TERRA SF 006 - K. H. Scheer : Verdammt für alle Zeiten


Karl Herbert Scheer : Verdammt für alle Zeiten
Terra SF 006, 25.10.1957
gekürzter Nachdruck des gleichnamigen Leihbuchs von 1956
Titelbild : Johnny Bruck


Mit diesem Zukunftsroman wird der Leser in das Jahr 2065 versetzt. Meisterhaft versteht es der Autor, die technischen Errungenschaften zu schildern, mit denen die Menschen der Erde und damit sich selbst vernichten. Raumschiffe gigantischen Ausmaßes rasen mit ungeahnter Geschwindigkeit durch das All, um auf anderen Planeten zu landen.

Gewaltige Explosionen zerstören die Erde und vernichten alles Leben. Nur wenige Menschen entgehen der Katastrophe. Die Erbmasse der Überlebenden ist durch die atomaren Strahleneinwirkungen der Explosionen derart beeinträchtigt, daß ihre Nachkommen Lebewesen sind, die...

Aber lesen Sie selbst, und Sie werden von der Phantasie des Autoren begeistert sein.
Klappentext des BALOWA-Leihbuchs

Die Menschheit hatte keine Chance, als im Jahr das Raumschiff der Radios plötzlich über der Erde auftauchte. Jede Abwehr kam zu spät, denn die Fremden aus den Tiefen des Alls zögerten keine Sekunde, den Planeten in eine radioaktive Strahlenhölle zu verwandeln, in der alles Leben verging. Dennoch gibt es im Jahr noch Menschen. Sie halten sich im Innern des Saturnmondes Japetus versteckt. Doch ihre Überlebensfrist läuft ab - es sei denn, sie finden eine neue Heimat zwischen den Sternen.
Klappentext des UTOPIA-Bestsellers von 1977, bearbeitete Neufassung

"Nihilistisch" nennt Thomas Harbach in seinem Scheer-Artikel diesen Roman. Und "großartig". Ich kann ihm da nur beipflichten, gerade in den Frühwerken von KHS gibt es einige Romane, die einen unglaublichen Impact haben. Dies ist einer davon. Absolut unverfilmbar, die darin geschilderten Tragödien sind heutzutage keinem Kinogänger zuzumuten. Und auch als Leser tut man sich schwer, die Katastrophen zu lesen.
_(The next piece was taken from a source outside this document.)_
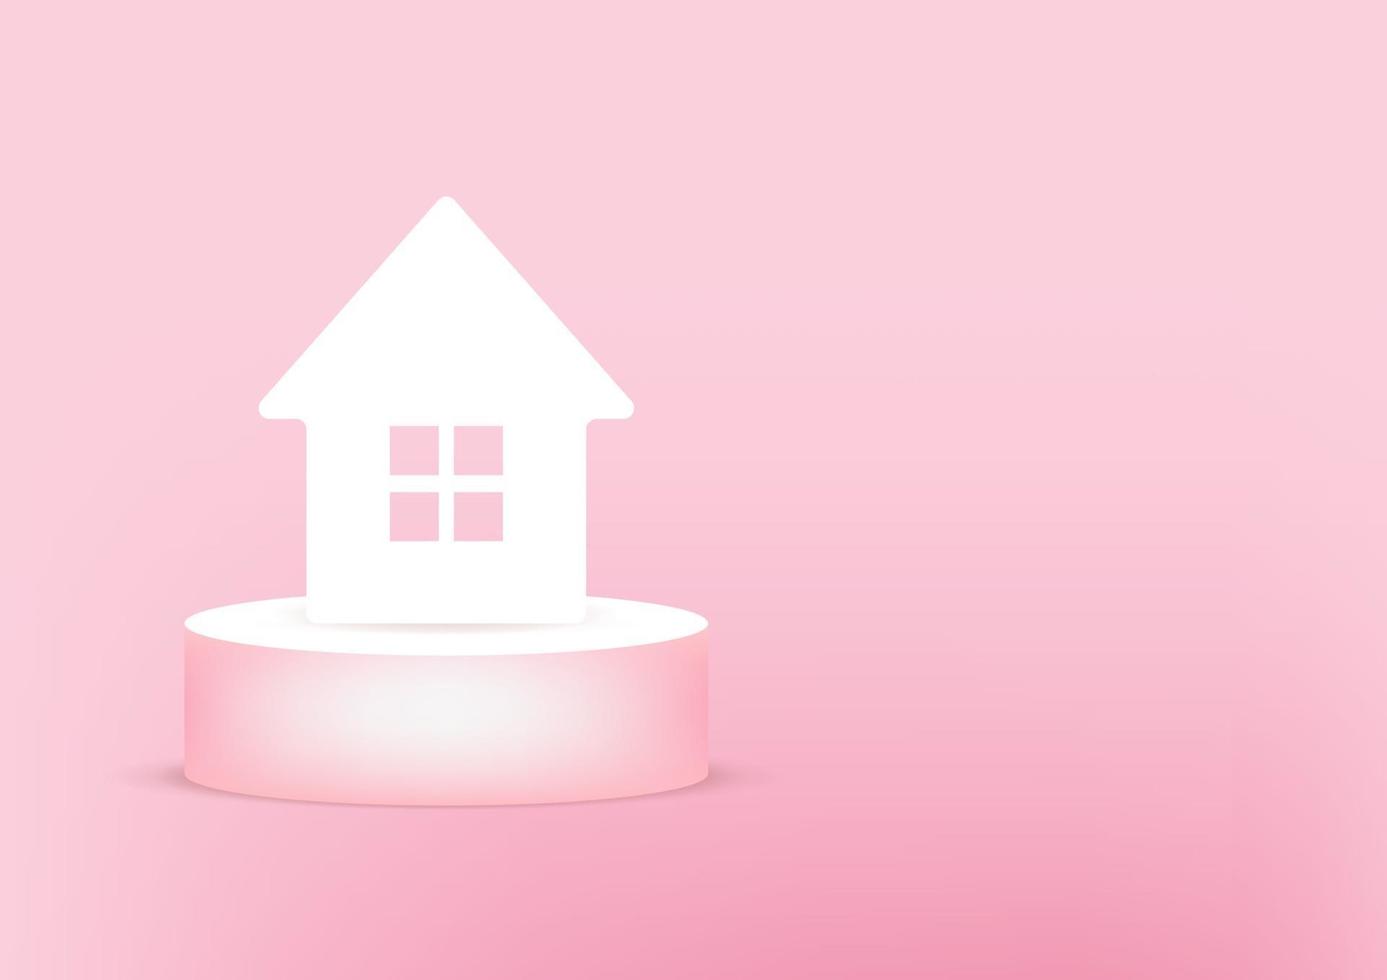 papel de casa 3d no fundo rosa. conceito de construção de arquitetura imobiliária de casa ou casa. vetor

Dabei ist KHS auch in diesem Roman unheimlich optimistisch. Für ihn wäre es unvorstellbar, daß in derartigen Katastrophenzeiten nicht einige Menschen über sich selbst hinauswachsen und der Gemeinschaft beistehen. Gut, daß er nicht in der jetzigen Zeit lebte, seine Romane wären meiner Meinung nach wesentlich düsterer geworden.

Interessant ist die Rolle der Frau in diesem Roman. Grundsätzlich dem Mann untergeordnet und beschützenswert, gibt es auch hier schon diverse weibliche Protagonistinnen, die halbwegs gleichberechtigt an der Seite der Männer stehen. Für die 50er nicht selbstverständlich.

2 Kommentare:

  1. Wieder eines dieser wunderbaren bunten Bilder. Die Blues lassen auch schon grüßen.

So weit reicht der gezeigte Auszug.